On this day in 1938, Helen Wills Moody defeats a hobbled Helen Jacobs 6-4, 6-0 to win her eighth Wimbledon singles title. The victory was the final major championship for Moody, who had been the dominant player in women’s tennis for the better part of two decades.
Born Helen Wills in Centerville, California, on October 6, 1905, the future tennis star grew up in the Bay Area. Wills won the Girl’s National Championship in 1921 and 1922, and then won her first U.S. Open at just 17 years old in 1923. Wills developed her game, which featured a powerful forehand, by practicing against men, just as her idol, the French tennis sensation Suzanne Lenglen had done in the 1910s and 1920s. In 1926, Wills traveled to Europe for the first time to play Wimbledon, where she reached the final before losing to England’s Kitty McKane. This was the only Wimbledon that Wills entered and lost; she went on to win eight more Wimbledon singles titles. Later that year, Wills also played her only match against her idol Lenglen, in Cannes. Though she lost, there was a silver lining: Wills met her future husband, the financier Frederick Moody, after the match.

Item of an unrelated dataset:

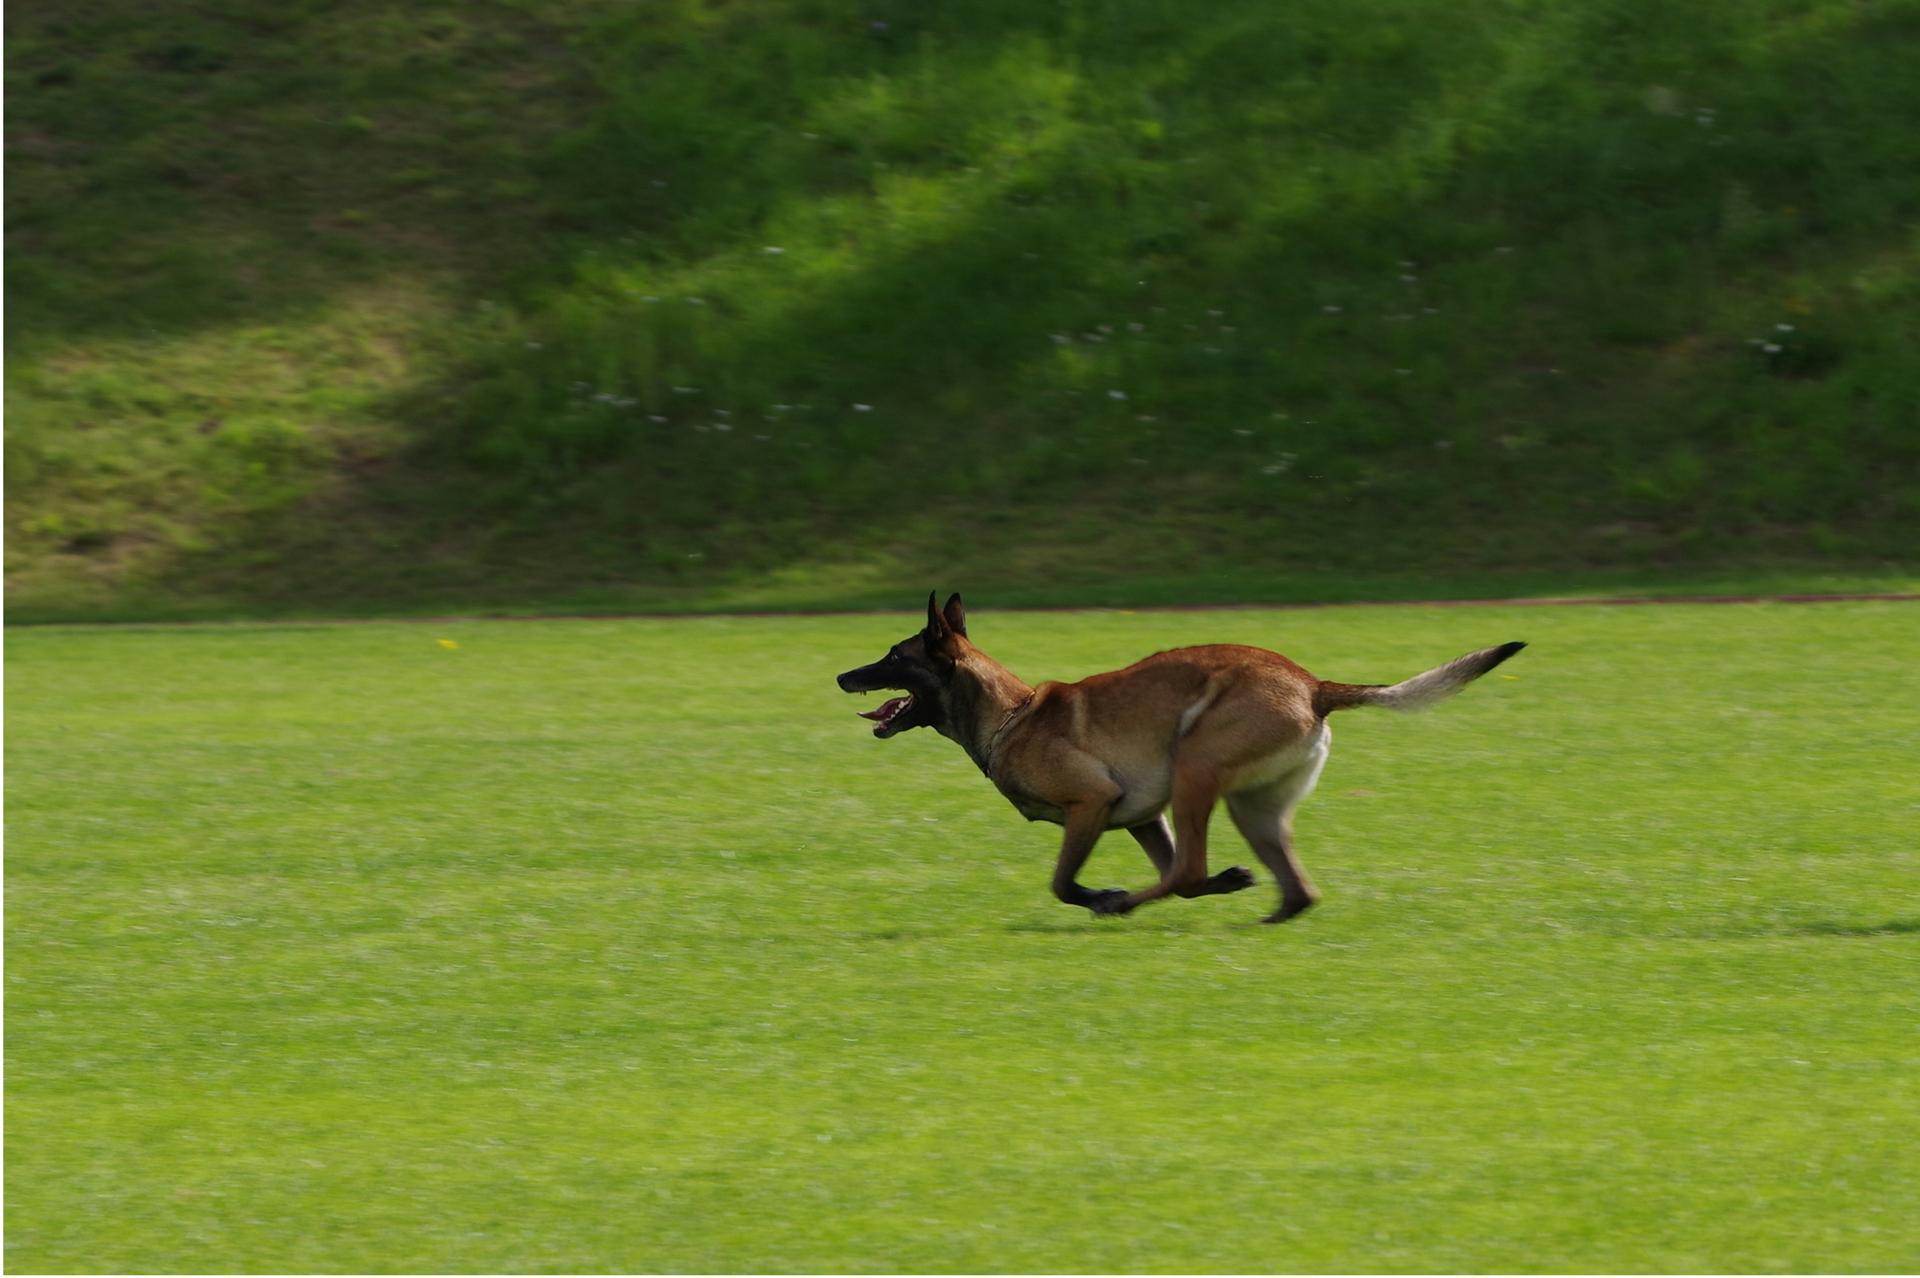 Dog running through park

From 1927 to 1933, Wills won a remarkable 180 matches in a row and snagged 14 of her 19 major singles championships in just six years. In 1933, a back injury forced her to sit out of competition for two years. After returning and winning Wimbledon in 1935, Wills retired. In 1938, though, the now married Helen Wills Moody, intent on winning Wimbledon just one more time, made a comeback.
In that year’s Wimbledon final, Moody faced her old rival Helen Jacobs, who had beaten Moody only once in her career, in the 1933 U.S. Open, and whom Moody had beaten to win Wimbledon three times, in 1932, 1933 and in an especially close match in 1935. The 1938 match was set to be a contrast in styles between Moody’s booming forehand and Jacobs’ powerful serve and deceptive topspin. The match began as one for the ages, with the two champions trading points to a 4-4 tie in the first set. However, Jacobs then suffered an ankle injury, which forced her to limp through the next eight games as she lost in straight sets. After the match Jacobs said she had “never been more sorry about anything in my life.”
Helen Wills dropped Moody from her name after her divorce in 1939. After retiring from tennis, she published an autobiography and a mystery novel and worked as a painter. She also served as a model for Diego Rivera’s San Francisco Stock Exchange mural.
Wills’ record of eight Wimbledon singles titles was not broken until Martina Navratilova won her ninth Wimbledon title in 1990. She died in 1998 at the age of 92.